# 747 Sucks (baggage container into engine)



## WhoozOn1st

This happened Monday; running behind on reading the Times.

Metal baggage container sucked into jet engine at LAX


----------



## Sam31452

Things like this are exactly the reason why I love train travel.

If the engine breaks it just means a delay and not instant death like in a plane.


----------



## AAARGH!

WhoozOn1st said:


> This happened Monday; running behind on reading the Times.
> Metal baggage container sucked into jet engine at LAX


Geeeeeze. Talk about a square peg into a round hole.

Also, this happened on the ground, so the chances of an instant death are next to nil.


----------



## Sam31452

> Also, this happened on the ground, so the chances of an instant death are next to nil.

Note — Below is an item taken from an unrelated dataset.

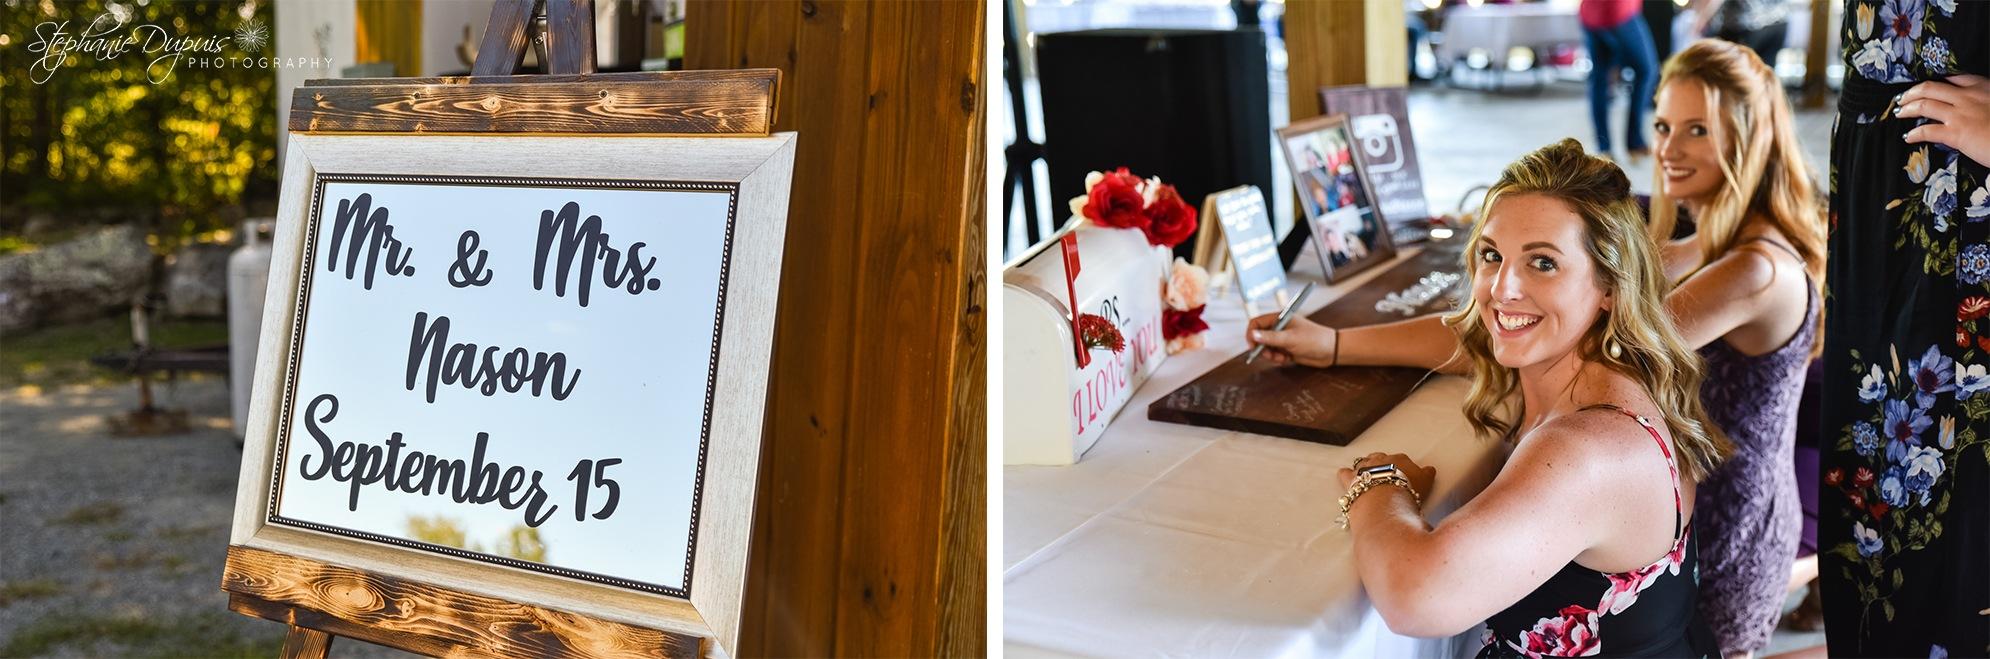 Whitefield Wedding Photographer 03 2 - Portfolio: Brown Wedding

Yes of course, but if the bozos or clowns or however they would like to be refered to, can do such a thing on the ground, immagine how easy it is to get in serious trouble when not being on the ground, reasons for plane crashes are usually quite simple things.


----------



## saxman

Sam31452 said:


> Also, this happened on the ground, so the chances of an instant death are next to nil.
> 
> 
> 
> Yes of course, but if the bozos or clowns or however they would like to be refered to, can do such a thing on the ground, immagine how easy it is to get in serious trouble when not being on the ground, reasons for plane crashes are usually quite simple things.
Click to expand...

Actually most plane crashes are caused by a complex chain of events that lead up to the crash. Even what may seem as simple causes can often be traced to before the plane even left the ground. Thats why even the most simple incidents are investigated thoroughly so as to learn from others mistakes. Unfortunately, many of the regulations are written in blood. I'm sure same goes for many railroad regulations as well.


----------



## Joel N. Weber II

Sam31452 said:


> Things like this are exactly the reason why I love train travel.If the engine breaks it just means a delay and not instant death like in a plane.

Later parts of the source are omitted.